SUGAR CREEK TOWNSHIP — It’s all about being as prepared as he can, and making sure at the end of each shift he’s able to go home to his wife and kids. Sugar Creek Township Fire Department’s Casey O’Daniel is now one of the most highly trained firefighters in the state after passing the most intense training class available in the nation.

With nine years of firefighter service under his belt, O’Daniel recently became an official Indiana Smoke Diver. Becoming an official part of the Indiana Smoke Diver Association isn’t for the person who approaches things halfway. The highly trained firefighters are the toughest of the toughest, taking on and conquering what seems like insurmountable training goals.

“It was definitely the six most difficult days of my career and I can say that for sure,” O’Daniel said.

Each training class starts out with dozens of firefighters from around the Nation. O’Daniel’s class, Class 10, held in mid-March, had 46 members start the training. Six days later O’Daniel was one of 15 firefighters left standing to earn the name, “Indiana Smoke Diver.”

O’Daniel, who has been at Sugar Creek Township Fire Department for 7 years this summer, became the first firefighter from the department to make it through the training.

“I did this training because I wanted to be the best firefighter I could be for the community, our guys and most importantly I did this for my family to make sure I am as trained as I can possibly be no matter what situation I get into,” O’Daniel said. “With this training I’ve given myself the best opportunity to get home to my wife and kids.”

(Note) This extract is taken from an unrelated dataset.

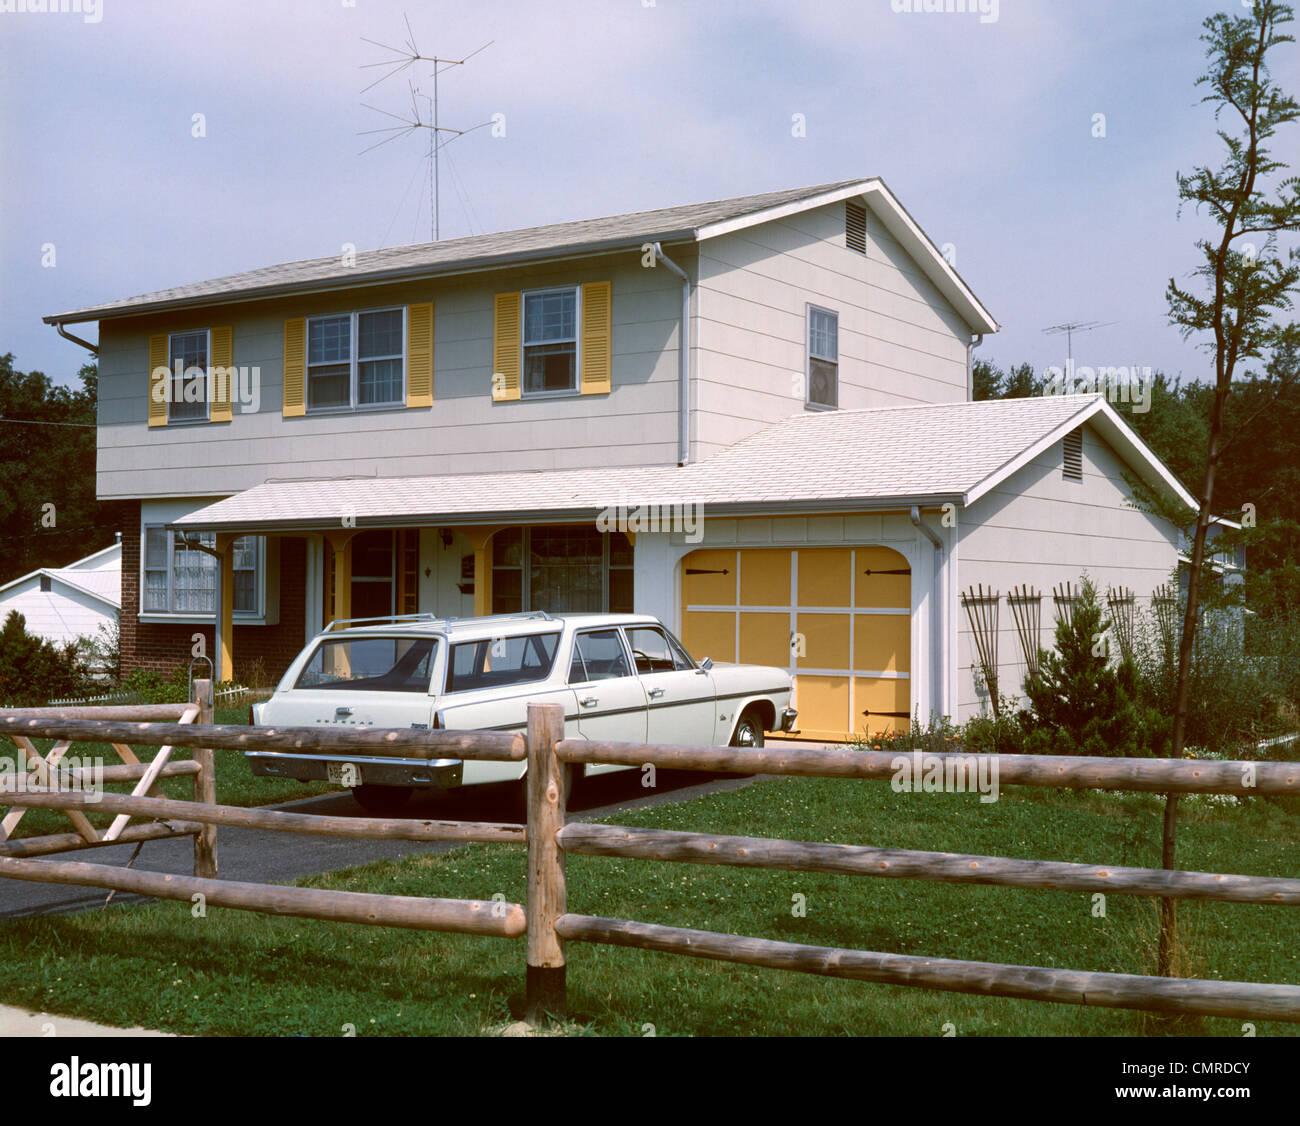 Années 1960 Années 1970 SUBURBAN HOME DEUX ÉTAGES AVEC EN ENTRÉE DE STATION WAGON Photo Stock

The course is a grueling six-day, 60 hour program designed for the experienced firefighter who desires realistic training in self-survival, firefighter rescue, advanced search and rescue, thermal imaging, emergency procedures, teamwork, discipline, team leadership, situational awareness and decision making as well as how to function within the elements of the Incident Command System.

The Indiana Smoke Diver Association is a direct descendent from the Georgia Smoke Diver program and is a 501(c) nonprofit organization. The organization conducts advanced firefighter training known as the Indiana Smoke Diver course. The association allows Smoke Diver instructors a chance to educate students in one of the best environments in the fire service.

There are currently only three such programs in the United States, one in Georgia, Indiana and a newly started training in Oklahoma.

No member of the association receives any compensation for their work and each member is required to cover all or part of their expenses related to the delivery of the Indiana Smoke Diver course. However, officials with Sugar Creek Township Fire Department considered this as training for O’Daniel and supported him wholeheartedly, O’Daniel said.

The mission of the Indiana Smoke Diver Association is to prevent death and injury by training firefighters to be adaptable and to develop critical decision making skills in high stress environments.

“The training got to the point where you have to look at each day, each evolution, each step you do, you have to see it on a micro scale,” O’Daniel said. “You can’t look at it on a macro level or it would be way too overwhelming.”

For O’Daniel it was about performing the task at hand at a high level, then moving onto the next obstacle. It was that kind of laser focus that compelled him through the difficult training.

“Each one of us who made it to the end we talked about that, focusing on one thing at a time, that’s what you had to do,” O’Daniel said. “We all visualized each step.”

Motto’s from the class included sayings like, “nobody cares, work harder, ” or “good enough never is.”

O’Daniel’s biggest take from the six days was that the limits he’d set upon himself could be broken.

“For me it was, no matter what situation you’ve been put in, you can always do more and continue on,” O’Daniel said.

In order to help the firefighters going through the elite training put the work into perspective, one of the instructors told O’Daniel, he said that each rescue effort should be approached as if the firefighter were trying to save his own child.

“That really resonated with me that no matter how tired I was or how beaten down I was, if I thought of my child or my wife, or one of my guys, I would move a mountain to make sure they were taken care of,” O’Daniel said. “I learned no matter how tired you are or how stressed you are, you can always do more, and you can always find the next gear.”

O’Daniel says he’ll take what he learned in the training and share it with the firefighters at Sugar Creek Township.

“I’m so excited to bring this back to the guys in our department,” O’Daniel said. “The guys that trained us and lead this training are some of the best firefighters in the country and in the state and they push you to the highest level.”

That’s why when O’Daniel finally made it through the program he walked away knowing he had accomplished something special.

“If you get to the end, you really earned it,” O’Daniel said.

The training program is offered once a year and now that O’Daniel has passed and is an official Indiana Smoke Diver, he more than likely will be asked back to help other firefighters in the next class.

“Now I can help mold and build up firefighters for the next generation,” O’Daniel said. “I am looking forward to that.”